If you overheard Medicaid providers breathe audible sighs of relief on April Fool’s Day, it may be because on April 1, 2019, the Health Resources & Services Administration of the Department of Health and Human Services (“HRSA”) finally updated the Office of Pharmacy Affairs 340B Information System website  (the “340B Website”) to allow 340B Drug Pricing Program (the “340B Program”) providers – including 340B Program-eligible hospitals and other eligible healthcare providers– to use the 340B Website to verify the accuracy of the ceiling prices that they are being charged by manufacturers of 340B Program-covered drugs.

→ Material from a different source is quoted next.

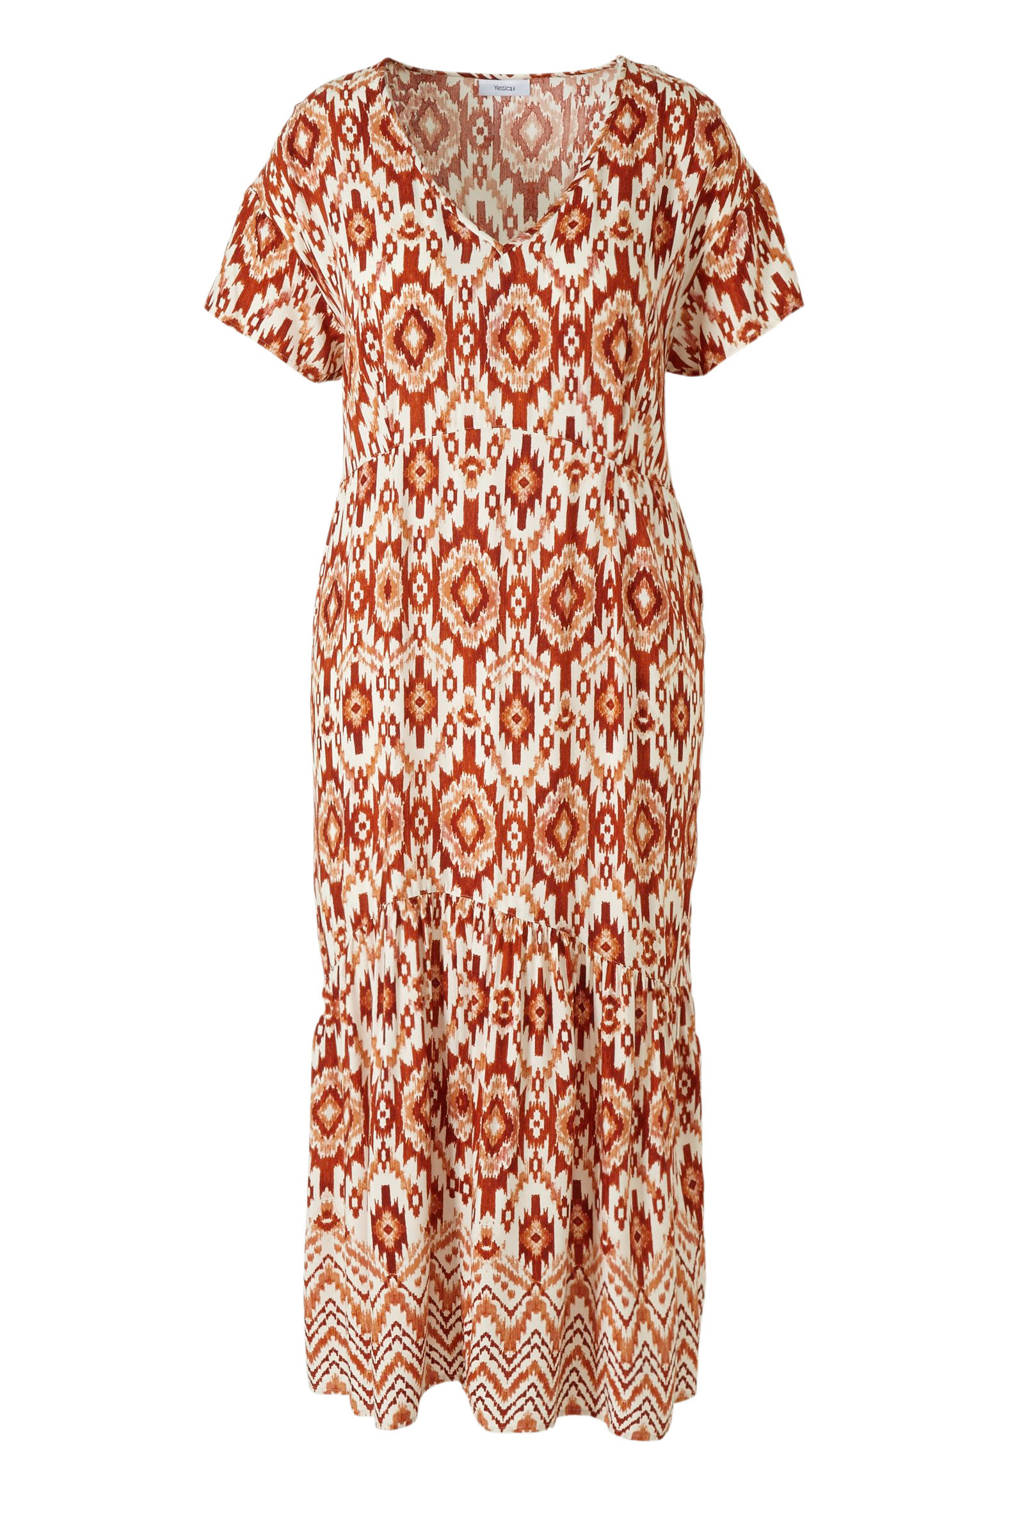 C&A XL Yessica jurk met grafische print oranje/wit, Oranje/wit

More than two years ago, on January 5, 2017, the Centers for Medicare & Medicaid Services (“CMS”) issued a final rule setting forth: (i) the ceiling prices for drugs sold as part of the 340B Program, and (ii) civil monetary penalties for drug companies that “intentionally and knowingly” charge 340B Program providers more than the ceiling price for a covered drug (the “Final Rule”). The Final Rule was produced in response to a push by Congress to have drug ceiling prices listed and made publicly available on a website in response to a report issued by the U.S. Department of Health & Human Services, Office of the Inspector General, which indicated that there were reports of drug companies overcharging for drugs purchased as part of the 340B Program.[1] The Final Rule was supposed to take effect on March 6, 2017, but it was delayed five times until its final effective date – January 1, 2019.

As required by the Final Rule, HRSA was directed to provide 340B Program providers with greater transparency into the pricing of 340B Program-covered drugs. The updated 340B Website is the means by which HRSA is providing such additional transparency. So that the 340B Website has the necessary pricing data to fulfill its objectives, 340B Program-participating drug companies are required to upload their quarterly pricing data for their 340B Program-covered drugs to the secure 340B Website. With this information, the 340B Website then (i) calculates the applicable 340B Program ceiling prices,[2] and (ii) verifies that the amounts being charged by the posting drug manufacturer do not exceed the applicable 340B program ceiling price. To verify the posting manufacturer’s compliance with the 340B Program’s drug pricing rules, the 340B Website compares the data uploaded by the drug manufacturer with the 340B ceiling prices as calculated by the HRSA. As described by the HRSA, by giving 340B Program-participating providers the ability to view the 340B ceiling prices on the 340B Website, the providers are able to ascertain whether they are overpaying for covered drugs.[3]

Hospital groups and advocates are clearly supportive of the Final Rule and the 340B Website. According to Tom Nickels, Executive Vice-President of the American Hospital Association (“AHA”), “[the] website will help make sure hospitals participating in the [340B Program] are not being overcharged by drug companies and that instances of price gouging can be uncovered and penalties enforced.”[4]  In addition, Mr. Nickels is quoted as saying, “[a]s prescription drug prices continue to skyrocket, the 340B program is as crucial as ever in helping hospitals provide access to health care services for patients in vulnerable communities.” The AHA’s enthusiastic greeting of the new 340B Website is not surprising since the 340B Website comes as a result of a lawsuit filed on September 11, 2018, by the AHA and other trade associations and 340B Program providers against the HRSA to force the HRSA to implement the Final Rule – the implementation of which was first scheduled to take place on March 6, 2017.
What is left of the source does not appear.